Conditional checkpoint abort: an alternative semantic for re-synchronization in CCL

  • Authors:
  • Francesco Quaglia;Andrea Santoro;Bruno Ciciani

  • Affiliations:
  • Università di Roma "La Sapienza", Roma, Itály;Università di Roma "La Sapienza", Roma, Itály;Università di Roma "La Sapienza", Roma, Itály

  • Venue:
  • Proceedings of the sixteenth workshop on Parallel and distributed simulation
  • Year:
  • 2002

Quantified Score

Hi-index 0.00

Visualization

Abstract

Recently, a Checkpointing and Communication Library (CCL) to support optimistic parallel simulation on myrinet based clusters has been presented. Beyond classical low latency message delivery functionalities, this library additionally offers CPU offloaded checkpointing functionalities based on data transfer capabilities provided by a programmable DMA engine on board of myrinet network cards. A re-synchronization functionality is also supported for both logical (i.e. data consistency) and practical (i.e. hardware contention) reasons, which is implemented according to the following semantic: at any re-synchronization point, the simulation application is momentarily frozen until the last activated DMA based checkpoint operation is completed.
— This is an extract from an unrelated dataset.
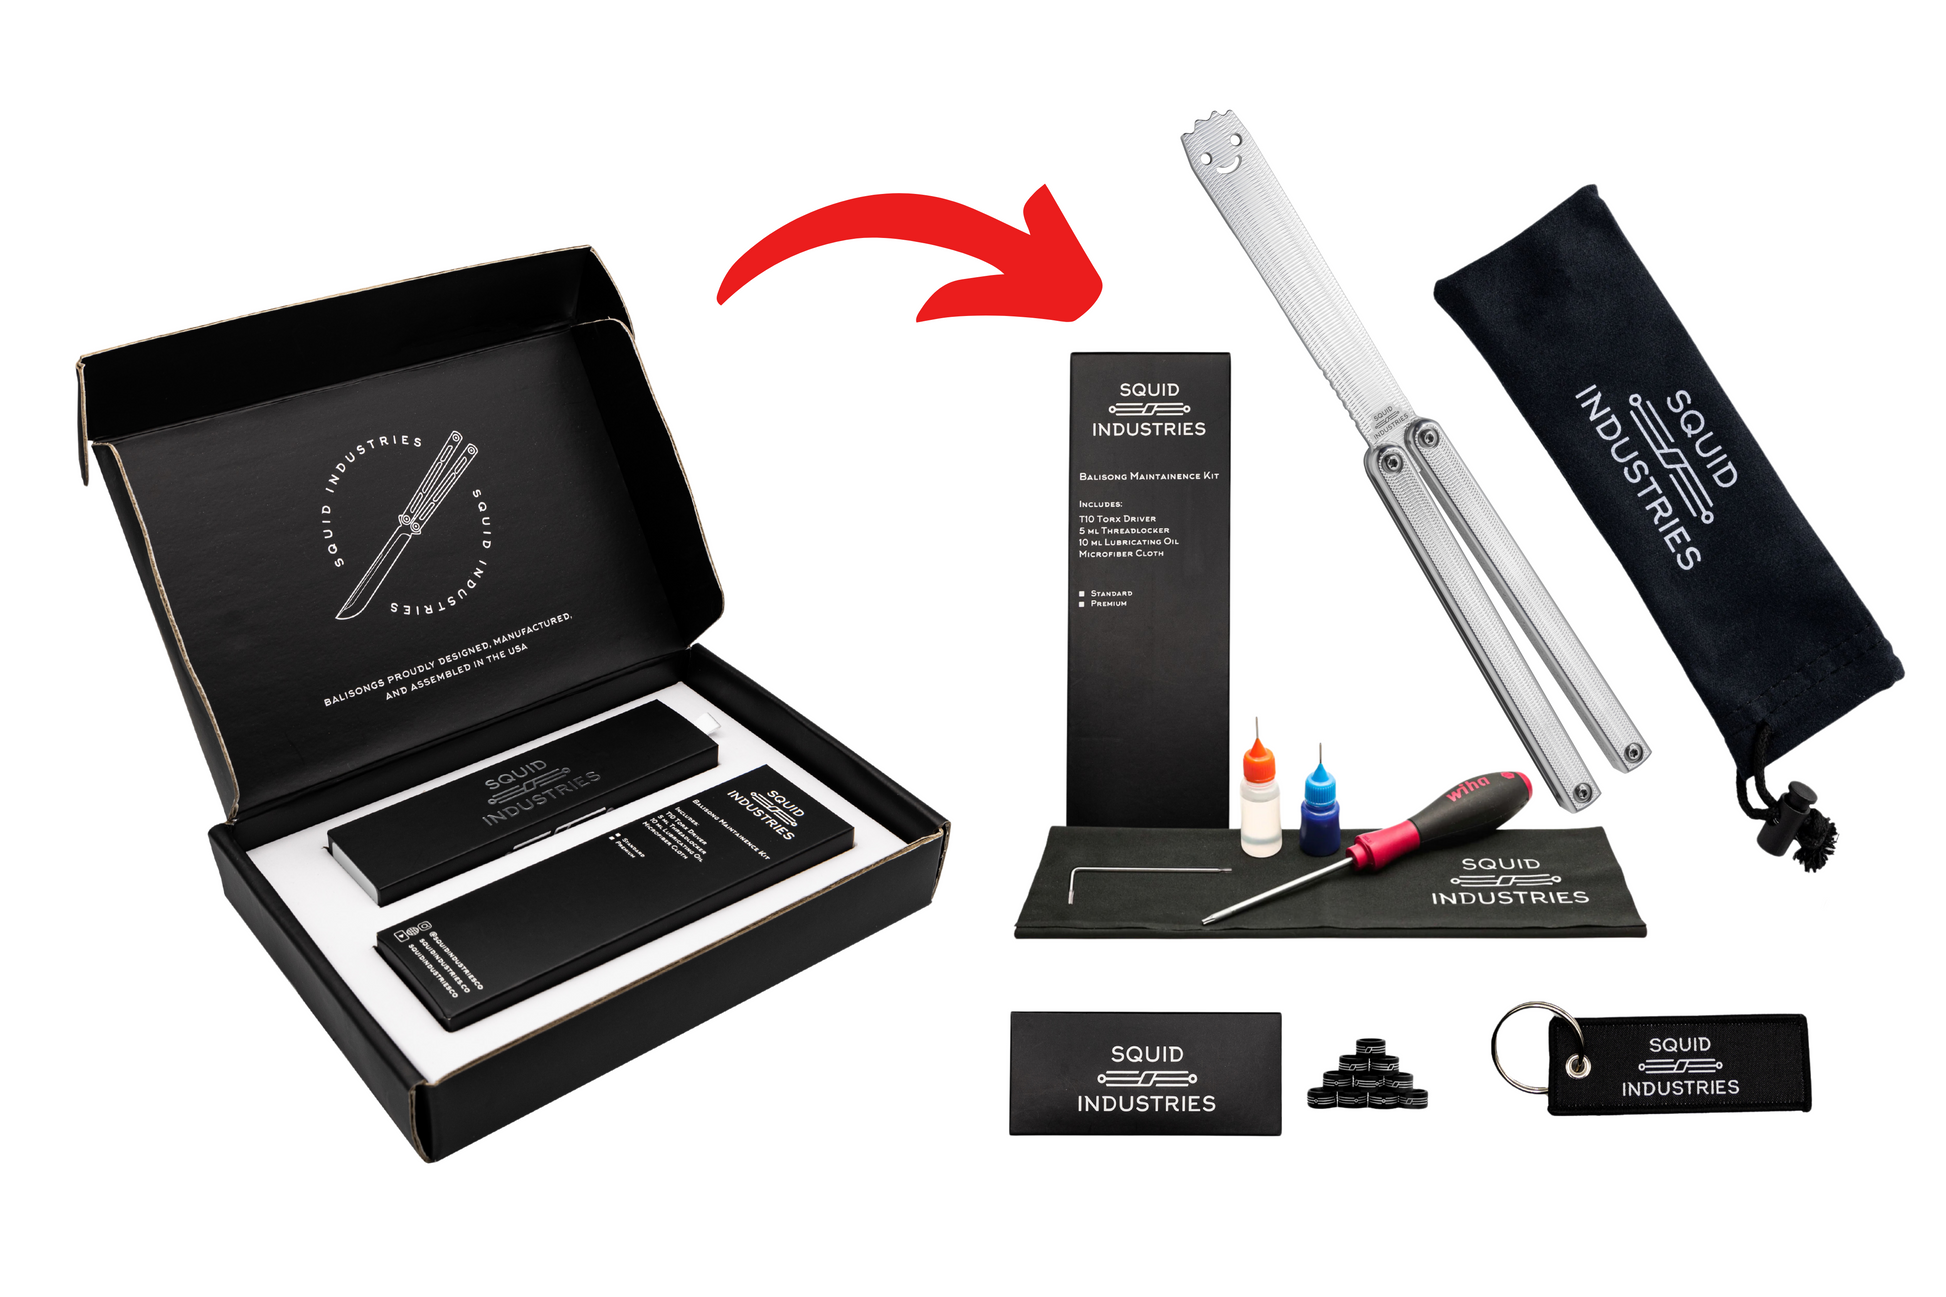 Squid Industries Beginner Holiday Bundle Box includes Squiddy-Al balisong trainer, Squid Industries Maintenance Kit, Flight Tag, Bit Handle Indicators, Microfiber pouch, and extra hardware

In case long freezing periods are experienced, the checkpointing functionalities offered by CCL might not be fully effective in reducing the real checkpointing overhead at the simulation application level. To tackle this drawback, we present an alternative semantic for re-synchronization, namely conditional checkpoint abort, leading to application freezing only in case at least a threshold fraction of the state vector currently being checkpointed has already been transferred into the checkpoint buffer. In the opposite case, the checkpoint operation is aborted and the simulation application is immediately allowed to proceed, thus avoiding excessive checkpointing overhead (due to freezing) at the simulation application level. We also report the results of an evaluation, carried out using classical parameterized synthetic benchmarks, which show that the execution speed of the simulation application can be significantly increased by the alternative semantic we propose.